See also [Debugging with GDB, Section 9: Examining Source Files]

layout This is a TUI (Text User Interface) command that enables the programmer to view multiple debug views at once including source code, assembly, and registers.

See also [Debugging with GDB, Section 25.4: TUI Commands]

disassemble This command allows the programmer to see assembler instructions.

See also [Debugging with GDB, Section 9.6: Source and Machine Code]

break This command specifies a function name, line number, or instruction at which GDB is to pause execution.

See also [Debugging with GDB, Section 5.1: Breakpoints]

next/nexti, step/stepi Allow the programmer to step through a program without specifying breakpoints. The next/nexti commands step over function calls, stopping on the next line of the same stack frame; step/stepi, step into function calls, stopping on the first line in the next stack frame. The difference between step/next and stepi/nexti is that the i indicates instruction-by-instruction stepping at the assembly language level.
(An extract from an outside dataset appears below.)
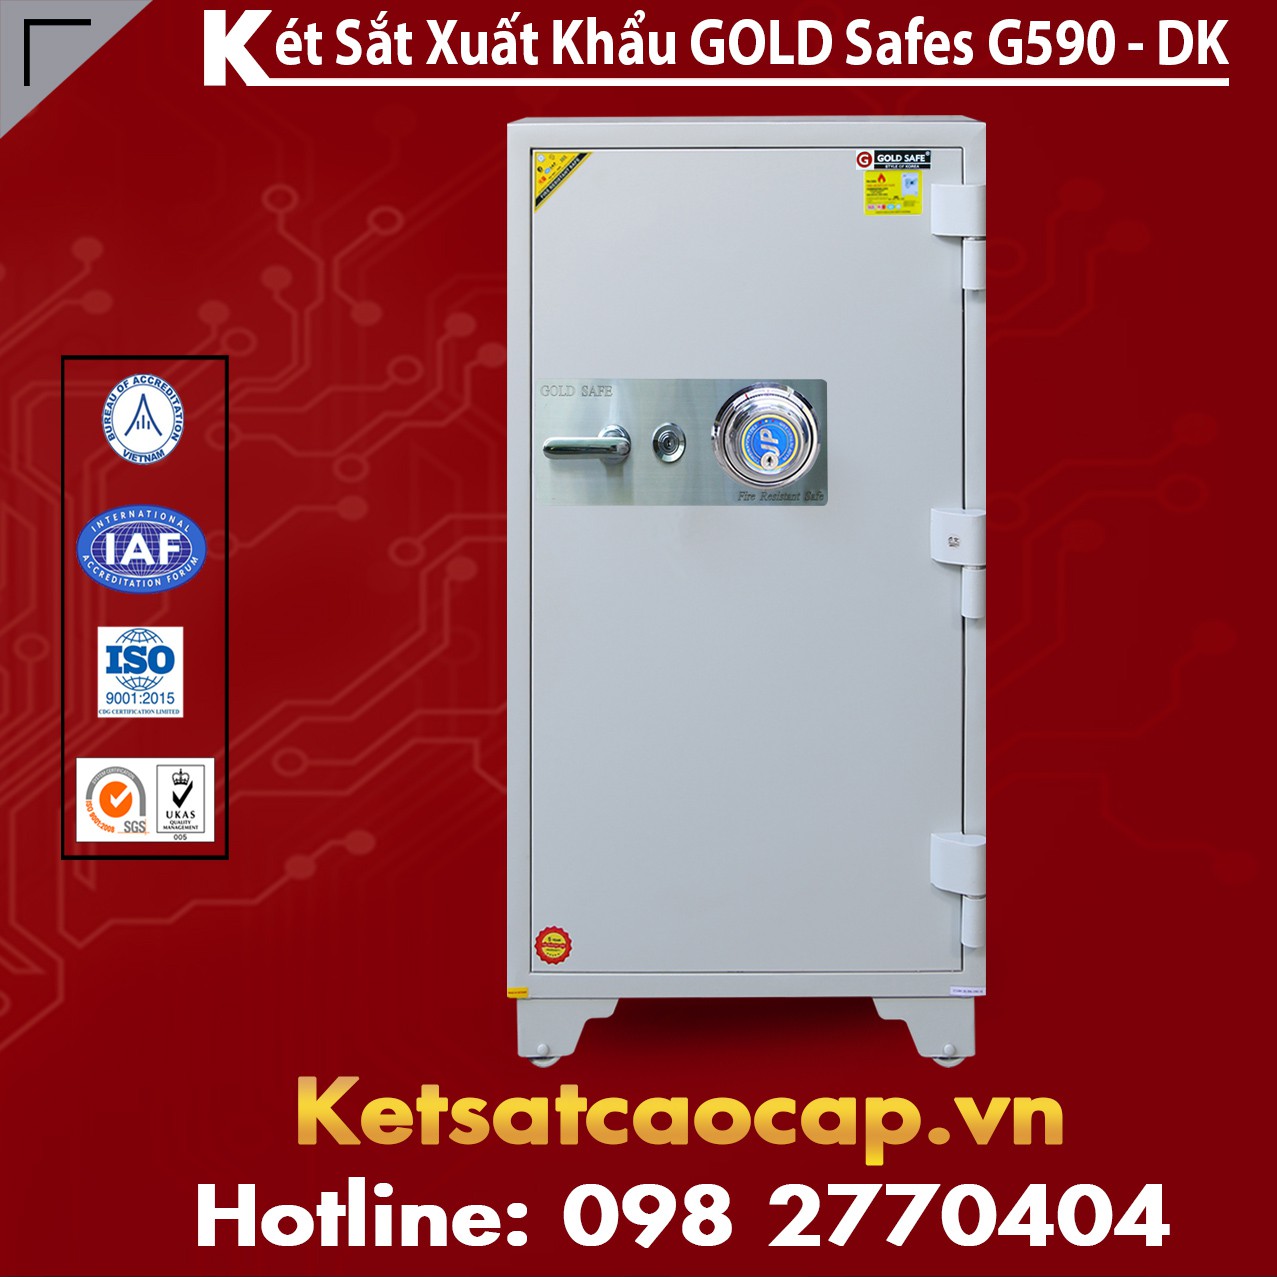 Két Sắt Phú Quý GOLD SAFES GC590 DK White

See also [Debugging with GDB, Section 5.2: Continuing and Stepping]

continue Used to continue program execution from the address where it was last stopped.
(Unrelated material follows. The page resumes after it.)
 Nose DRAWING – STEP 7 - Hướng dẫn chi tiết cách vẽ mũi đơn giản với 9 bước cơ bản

See the Debugging with GDB link for next/step for more information about the continue command.

bt Short for "backtrace," which displays to the programmer a brief summary of execution up to the current point in the program. This is useful because it shows a nested list of stack frames starting with the current one.

See also [Debugging with GDB, Section 8.2: Backtrace]

quit This will quit the debugging session, and return you to the shell. The Control-D key combination is another way to accomplish this.

Session Walk-through

This debug session walk-through assumes that the program has been compiled using the modified source code above and that both the target machine and the development machine have been set up according to the above Setup section. The walk-through is divided into multiple “lessons” with the intent of first introducing the use of the commands described above and then actually running GDB to debug a known programming problem. Each lesson may be run independently of the others, but it is recommended that each be run in order starting from Lesson 1 for the first time through.

Lesson 1: Navigation and Code Display

This lesson assumes that gdbserver has been run as in the [Target Machine Setup] section above with an ARG value of 3. Other values are fine so long as they fall within the range of 1 to 100. The number '3' was arbitrarily chosen to avoid having to use a symbolic variable in the explanations below.


  1. Type b main to set a breakpoint at the main function in the source code.

  2. Type continue. This will cause the program to continue from the breakpoint set by GDB at startup. The program was passed an argument of 3, indicating that three threads should be created.

  3. Type b 73 to set a breakpoint at line 73 in the source code, which should be the line containing data.num_threads = atoi(argv[1]);

  4. Type continue. The program will continue execution up until line 73 in the source code. At this point, type layout split to view a split screen containing both the source code and the assembly-level machine instructions. Both screens show the program's current location in execution. The assembly-level display shows what the target's processor is actually executing at that point in the source code as shown in the source-level display. To view either of these without the other type layout asm for just assembly-level and layout src for just source-level.

  5. Type nexti. This will cause the program to execute the next instruction in the current stack frame which is a mov instruction beginning to prepare the current stack for a call to the library function atoi(). The details of this process are beyond the scope of this tutorial; essentially, the program needs to store information about the current execution location in the stack for when the atoi() function finishes. Type ni (alias for nexti) three more times. You should end up on a bl instruction in the assembly view as shown in Listing 2 below. The source layout should still show the program on line 73.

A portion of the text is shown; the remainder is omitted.